Dopo numerose denunce a tutte le istituzioni competenti in tema di politiche abitative, Roma Capitale ha proposto un alloggio alternativo che però è stato “rifiutato per barriere architettoniche”
La prima richiesta al dipartimento Politiche abitative del Comune di Roma per il cambio di alloggio popolare risale a oltre due anni fa. Da allora, ogni giorno, una famiglia composta da un anziano costretto a letto, un giovane con problemi psichiatrici, entrambi invalidi al cento per cento, e una donna con ‘ridotte capacità motorie’, con invalidità riconosciuta all’80 per cento, fa i conti con un appartamento dove non c’è abbastanza spazio per tutti, con cavi elettrici scoperti e infiltrazioni in bagno. La loro richiesta è finita sulle scrivanie di molti uffici istituzionali, dal ministero delle Infrastrutture a quello delle Politiche Sociali e fino al dipartimento Politiche abitative della Regione Lazio, che a loro volta hanno scritto al Comune di Roma chiedendo delucidazioni in merito e sollecitando soluzioni.
Soluzioni che, però, non sono arrivate.
L’11 novembre scorso, infatti, dal dipartimento Politiche abitative di Roma Capitale è arrivata la tanto attesa proposta alternativa ma la famiglia l’ha rifiutata per “presenza di barriere architettoniche (ascensore e bagno con vasca)”. L’amministratore di sostegno del nucleo familiare ha denunciato a Romatoday: “Anche questo appartamento è troppo piccolo per le loro esigenze. Ha due camere solo perché sono state ricavate da una sola stanza con una parete di cartongesso e legno, probabilmente messa lì dal precedente inquilino”.
L’odissea abitativa di questa famiglia parte nel 2006 quando la perdita del lavoro da parte dell’uomo li ha portati allo sfratto. Senza alternative, la famiglia si trasferisce in una caserma occupata in via Gottardo, a Pietralata. Due anni più tardi l’immobile è parzialmente coinvolto in un incendio e i residenti restano senza casa. Per alcuni mesi vengono collocati in un dormitorio all’ex fiera di Roma, poi nel 2009 vengono trasferiti in un residence in zona Romanina, in attesa di una casa popolare.
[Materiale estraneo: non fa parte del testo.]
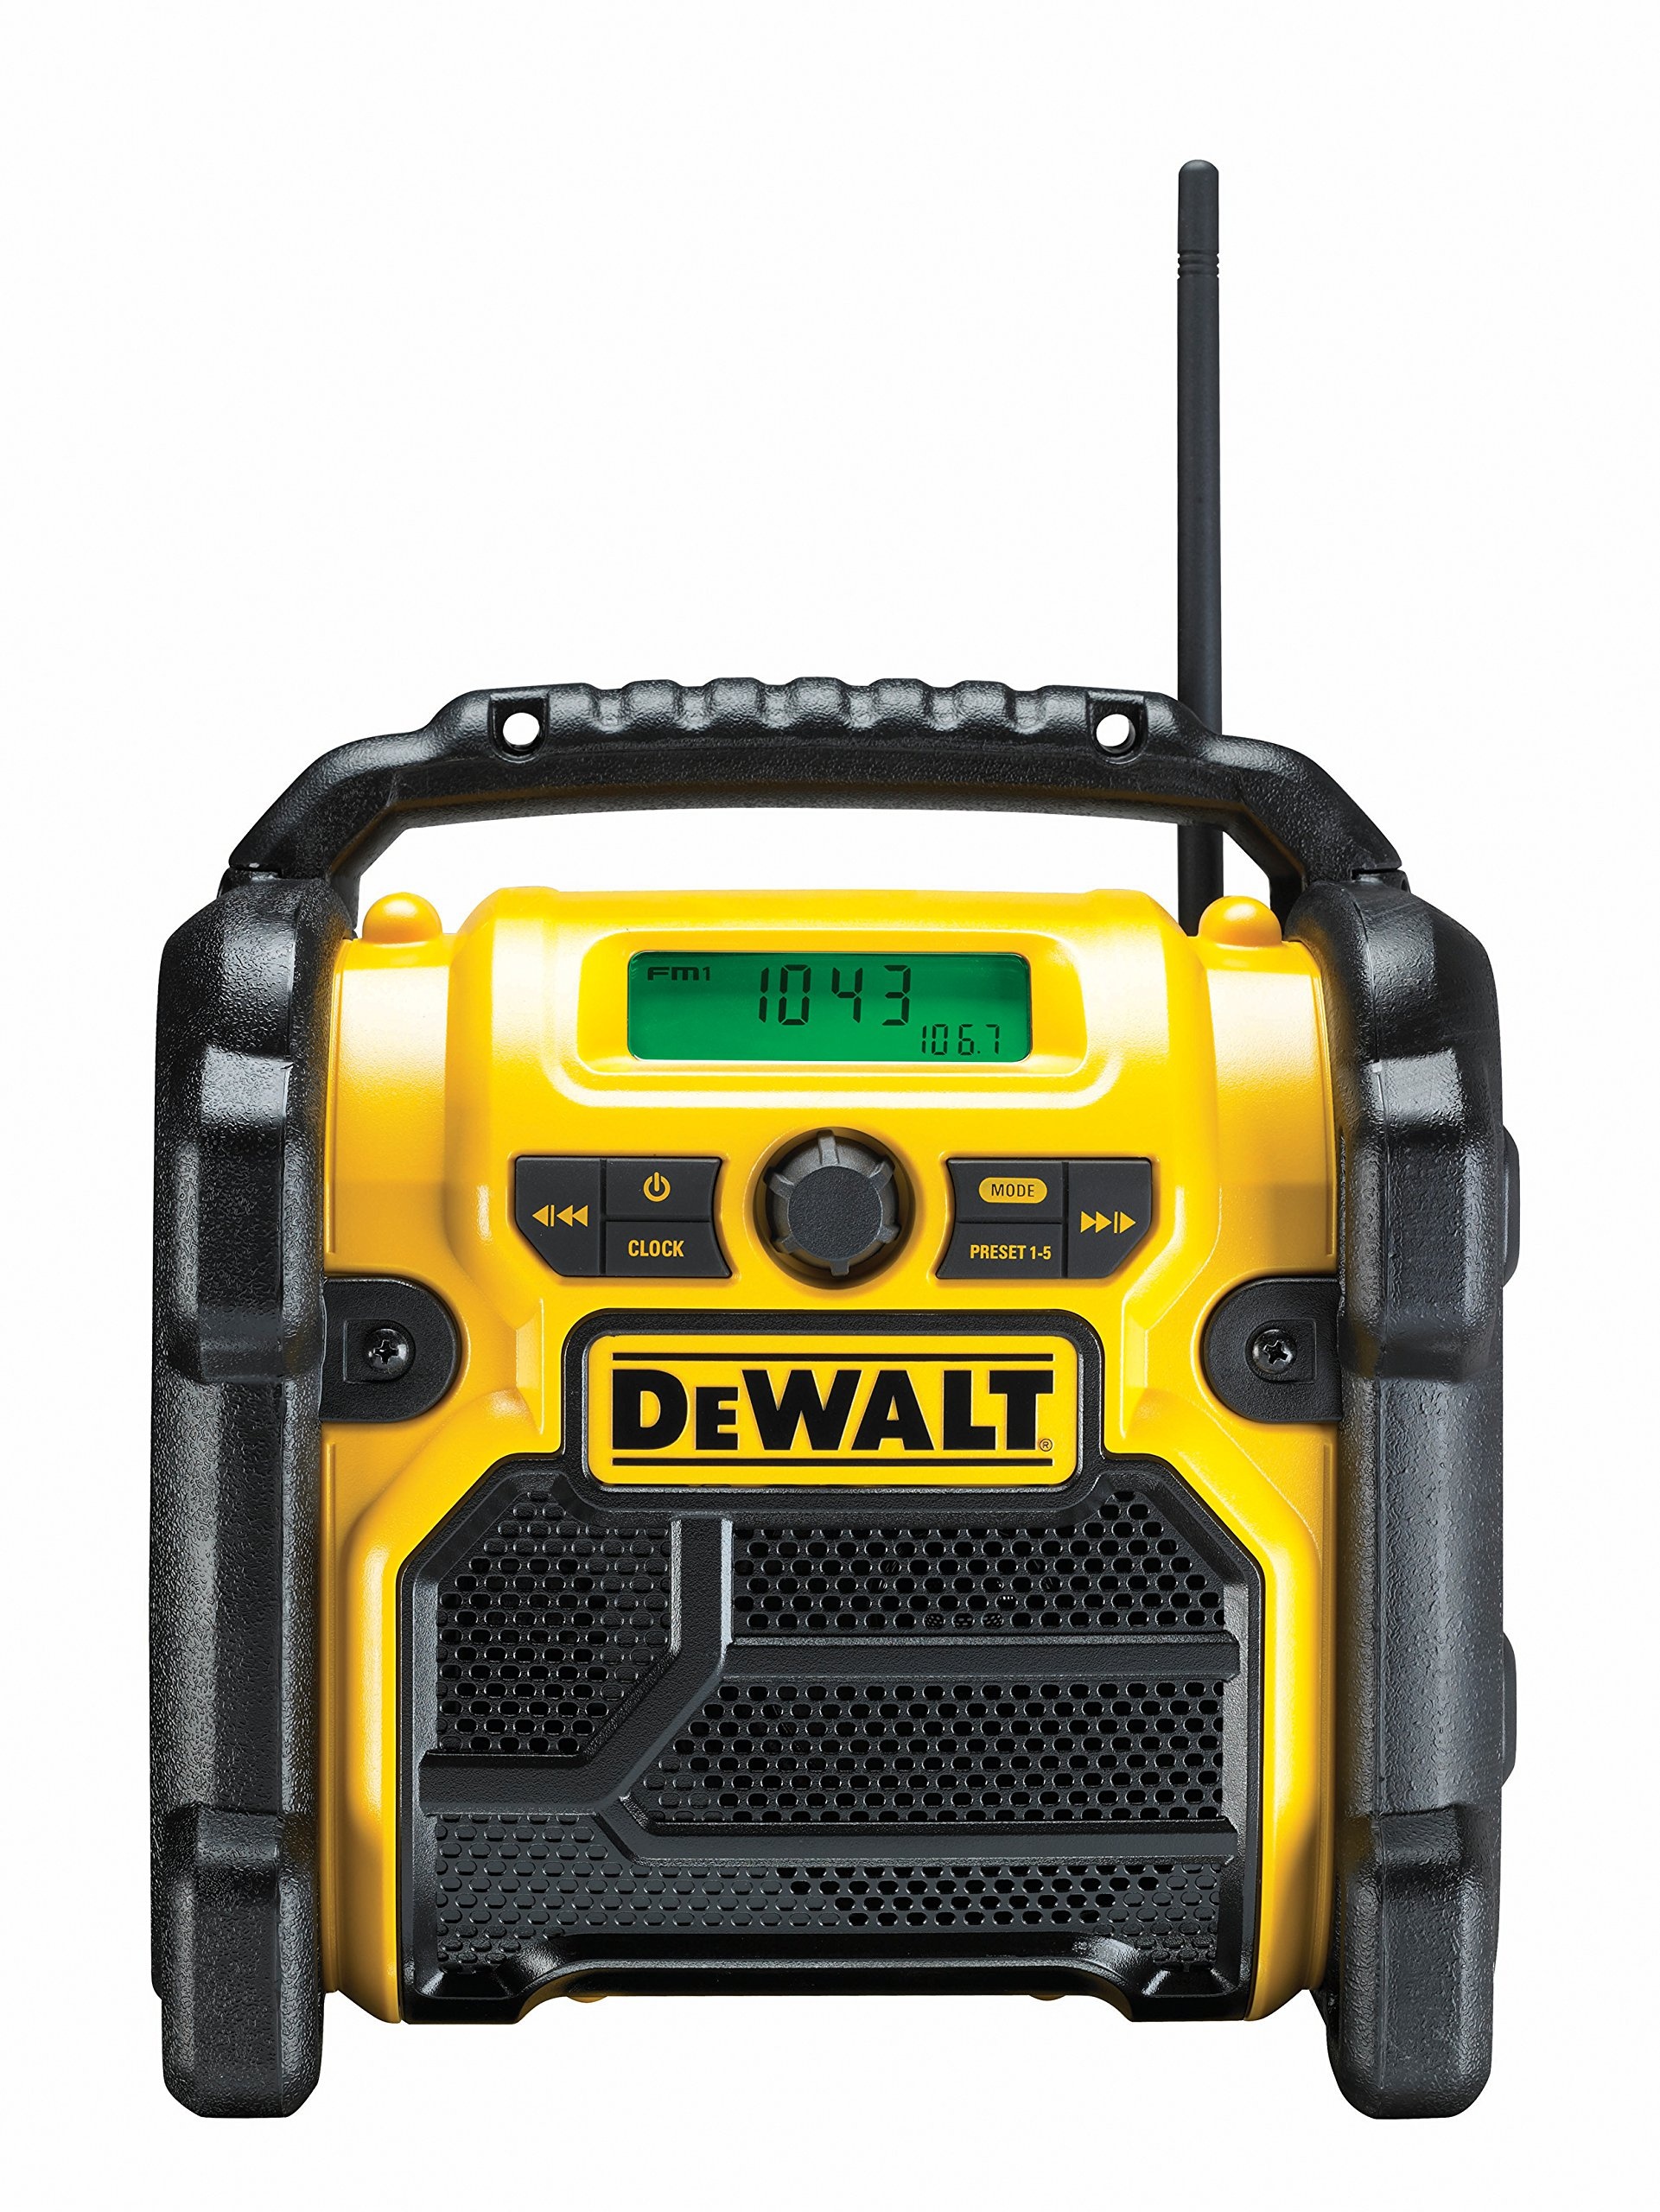 DEWALT Baustellenradio DCR019 – 2in1 Akku Radio & Netz Radio mit AUX-Eingang, robustem Gehäuse, Kabelaufbewahrung, flexibler Antenne und Überrollbügel – Tragbares Radio zum Empfang analoger Signale

“Con gli anni le condizioni del nucleo familiare si sono aggravate”, racconta a Romatoday l’amministratore di sostegno. L’uomo, oggi 75enne, non è più autosufficiente ed è costretto in carrozzina e a un’assistenza quotidiana. Il figlio, 23enne, è invalido al cento per cento per una disabilità mentale. La donna, 66 anni, presenta ridotte capacità motorie. L’assegnazione della casa popolare avviene nel 2018. L’appartamento si trova a Tor Bella Monaca. “Nonostante il dipartimento Politiche abitative fosse a conoscenza delle problematiche di questo nucleo ha proceduto lo stesso con l’assegnazione di un alloggio non idoneo, grande poco meno di 50 metri quadrati. Una scelta praticamente forzata dal momento che il secondo immobile a disposizione non era dotato di ascensore. Al momento dell’assegnazione gli è stato detto che se avessero rinunciato avrebbero perso il diritto a una casa popolare e così hanno firmato”.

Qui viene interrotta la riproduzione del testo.